ACA hits open-enrollment record, but swift action is needed to prevent rate hikes next year

This map from the Kaiser Family Foundation shows the percentage change in enrollment in the Affordable Care Act marketplaces in each state from 2021 to 2022. It shows enrollment increased in almost all states. Accessed Feb. 1, 2022. Reprinted with permission.

After a record number of consumers signed up for health insurance coverage under the Affordable Care Act (ACA), Bob Herman and Caitlin Owen at Axios warned on Monday morning that increased enrollment could be in peril unless Congress acts this year to keep premiums low.

“Democrats are touting record Affordable Care Act enrollment, but a lot of those gains will be wiped away next year unless Congress takes action,” Herman and Owen said.

This angle is crucial because, as Herman and Owen explained, the Democrats increased how much government pays in health insurance premium subsidy assistance for low- and middle-income Americans when they passed the American Rescue Plan Act (ARPA) last March.

In multiple blog posts last year, we reported about how the increased subsidies could help millions of Americans, including this post in October, “Approximately 80% of consumers expected to save significantly on 2022 Affordable Care Act plans,” and this one in April, “New health insurance subsidies will require strong explanatory journalism skills.”

The financial assistance built into the ARPA led to a 21% increase in ACA enrollment since last year, totaling 14.5 million consumers who signed up since last fall, Herman and Owen wrote. “If you include other special ACA plans in New York and Minnesota, total enrollment is closer to 15.5 million people, according to marketplace tracker Charles Gaba,” they added. Gaba runs the ACA Signups site.

The problem for the Biden administration and for Democrats in Congress, however, is that the enhanced subsidies are scheduled to end on Dec. 31. A measure to extend the improved premium subsidies through 2025 was included in what’s called the build back better legislation, which is stalled in the U.S. Senate. It’s unclear if the increased subsidies will be included in any new legislation, Herman and Owen reported.
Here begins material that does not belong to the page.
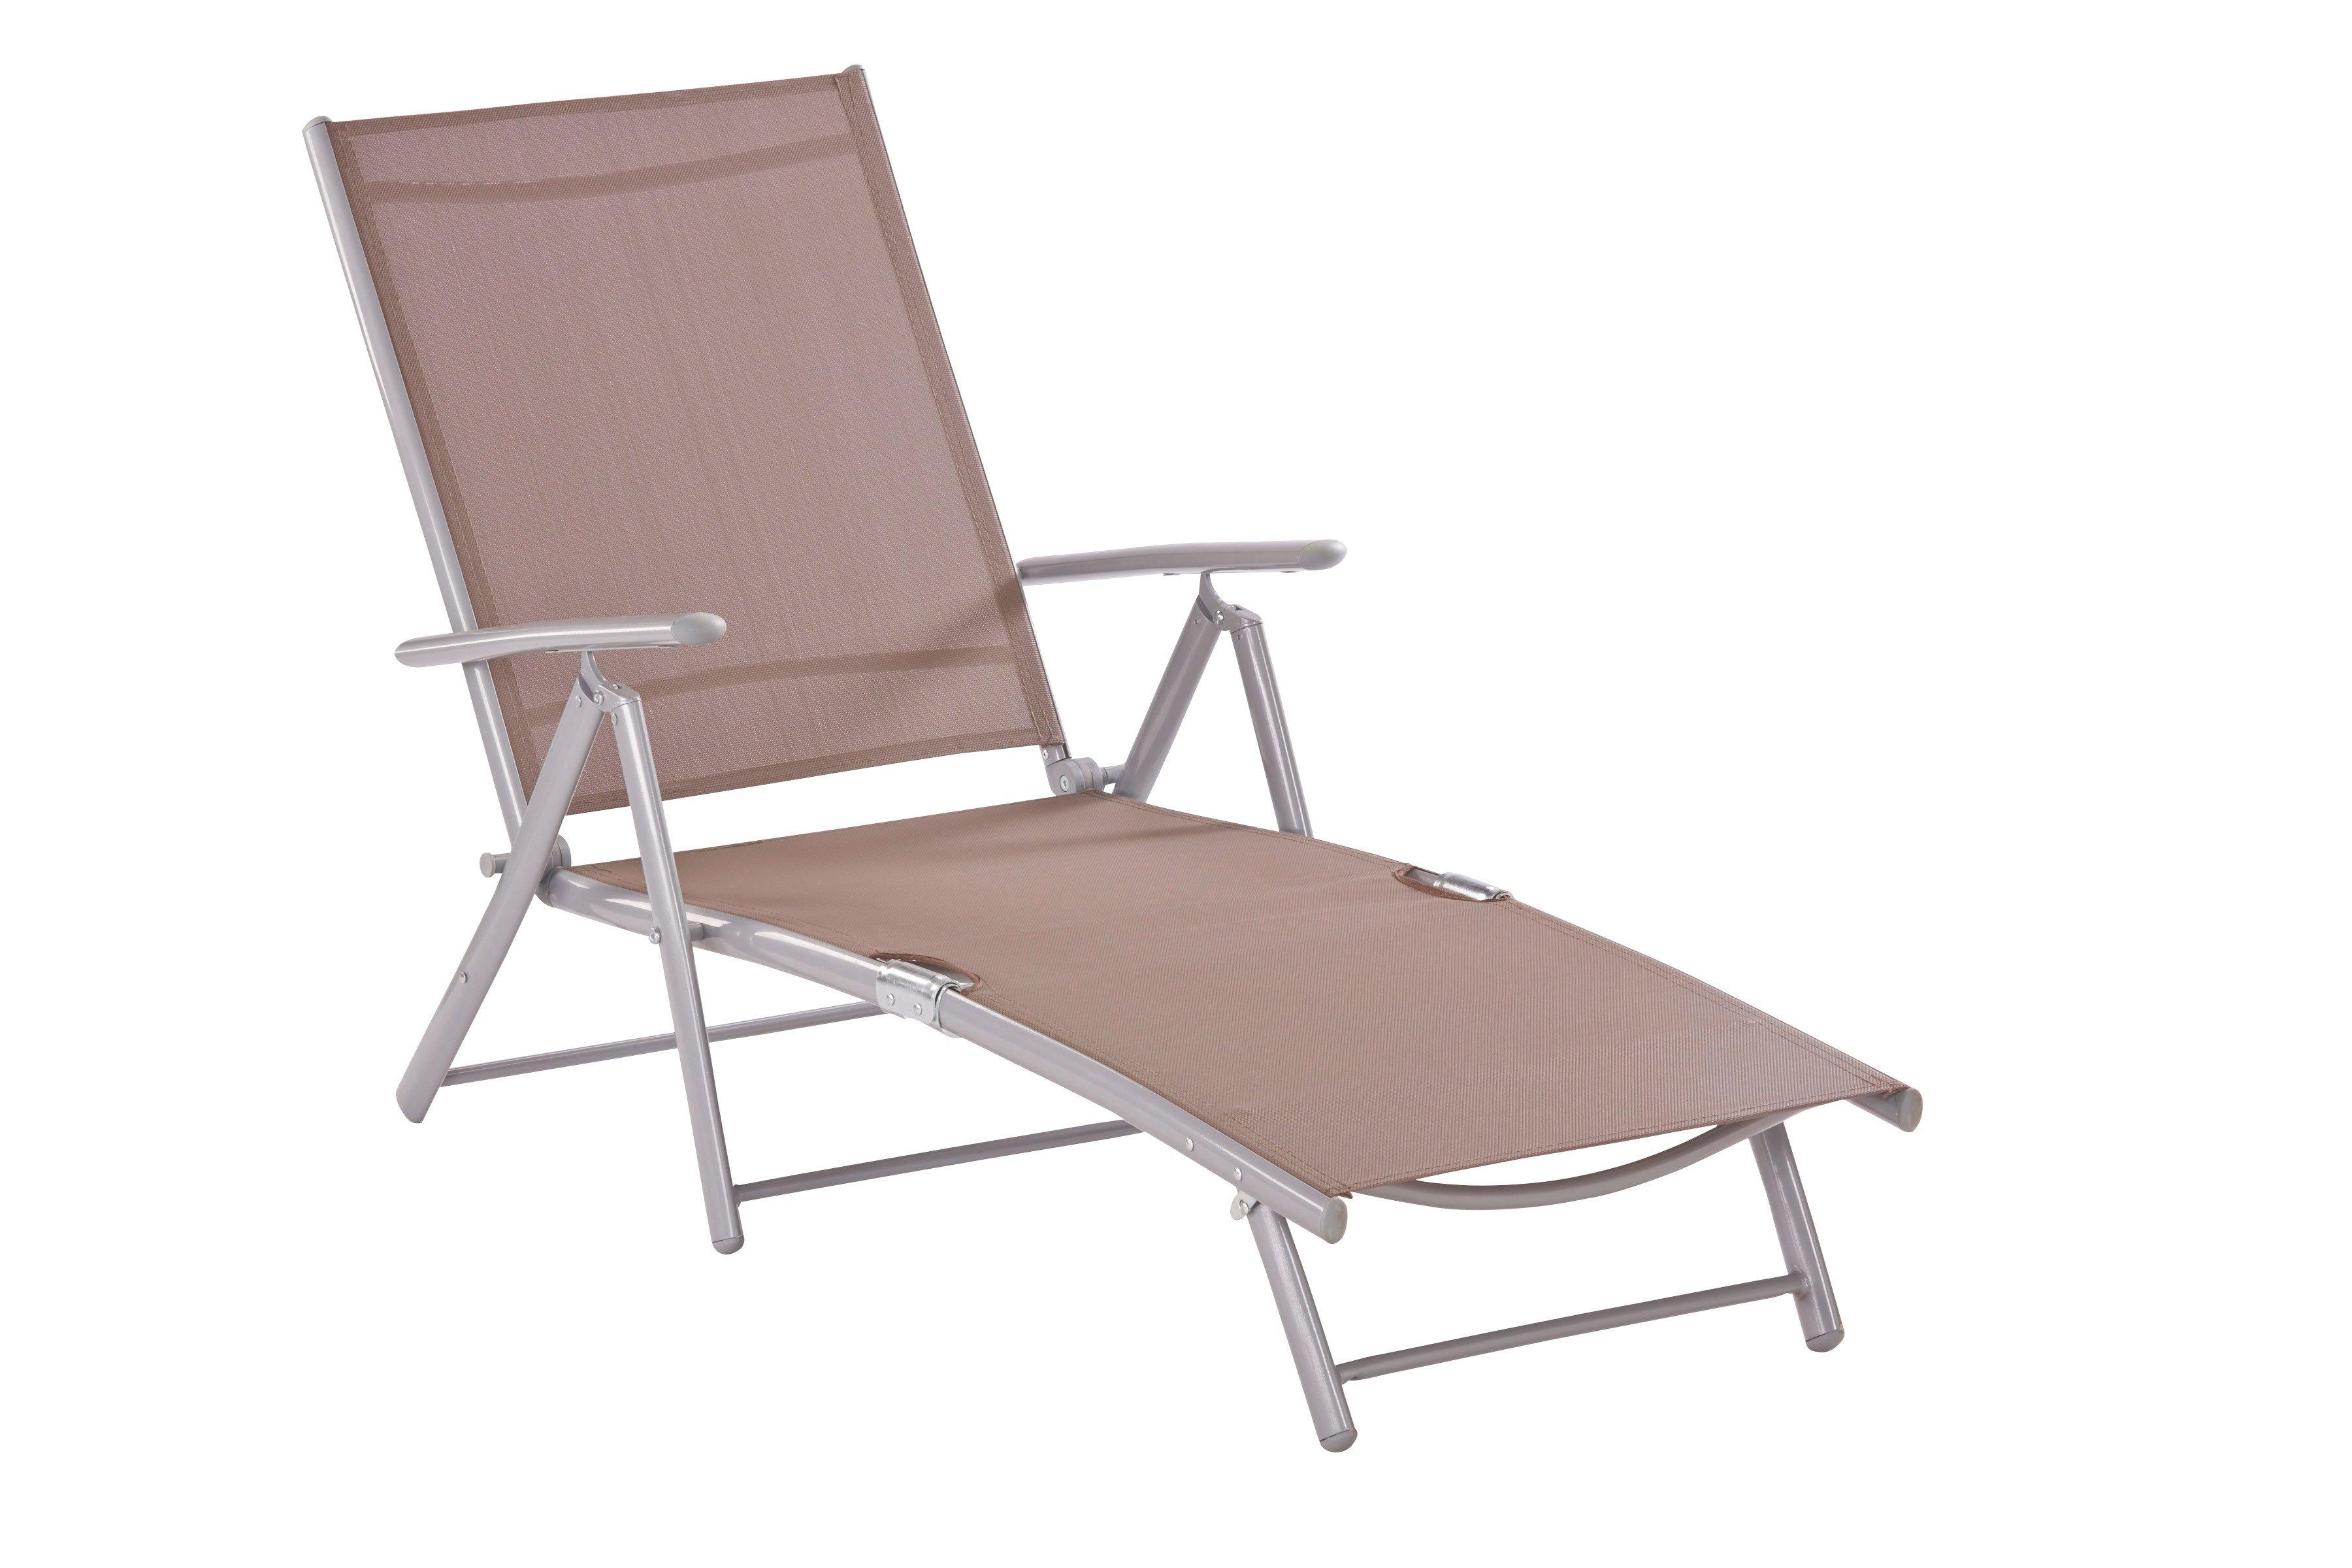 MERXX Ligstoel Aluminium/textiel, inklapbaar bij OTTO online kopen

On Jan. 27, the federal Department of Health and Human Services reported that 14.5 million people signed up for health insurance coverage through the ACA’s marketplaces during the open enrollment period since Nov. 1, including 5.8 million people who gained coverage since Biden took office last year. Although the federal government’s enrollment period ended Jan. 15, enrollment continues until Jan. 31 in five states (California, Kentucky, Rhode Island, New Jersey, New York and the District of Columbia), according to a report from Louise Norris at Also, enrollment continues in Maryland until Feb. 28, for coverage that starts March 1, Norris added.

In a statement touting the enrollment numbers, HHS said consumers signing up through the federal marketplace at saw their average monthly insurance premiums fall by 23% when compared with what consumers paid during the 2021 enrollment period that ended before the ARPA passed.

Covering this story is a challenge because health insurance subsidies are complicated. Therefore, one of the best ways to report on open enrollment is to find a consumer or family who benefited from the enhanced subsidies. Christopher O’Donnell pursued this angle for the Tampa Bay Times in this article, “Florida sets new record for Affordable Care Act enrollment.”

O’Donnell found Sophany Nuth, a 35-year-old dad from Seffner, Florida., who works 30 hours a week making doughnuts. Nuth takes home about $318 a week, but his employer doesn’t provide health insurance.

“With rent, food and other bills, the 35-year-old Seffner father couldn’t afford the $400 a month quotes he got from private health insurers to cover him, his wife and two young children,” O’Donnell wrote. “He was so worried, Nuth considered moving his family to Canada or Australia, which have universal health care.”

With assistance from ACA navigators, Nuth enrolled his family in coverage that will cost him $18 a month, O’Donnell reported.

Another way to cover the record enrollment story is to focus on what happened in each state. See, for example, this thorough review of the angles from Sara Wilson at the nonprofit Colorado Newsline, or this one about enrollment in Michigan from JC Reindl at the Detroit Free Press. Reindl noted that 303,550 Michiganders signed up for ACA coverage, a record high since 2017 and that the state’s percentage of those without health insurance dropped to about 5%.

For the rest of this year, the story about ACA enrollment will be important because Democrats will continue to push to extend the enhanced subsidies.

Inaction on the subsidies will be politically risky for Democrats. “The bottom line: As Democrats try to salvage their reconciliation package, preserving the larger ACA subsidies is likely to be a top priority,” Herman and Owen wrote.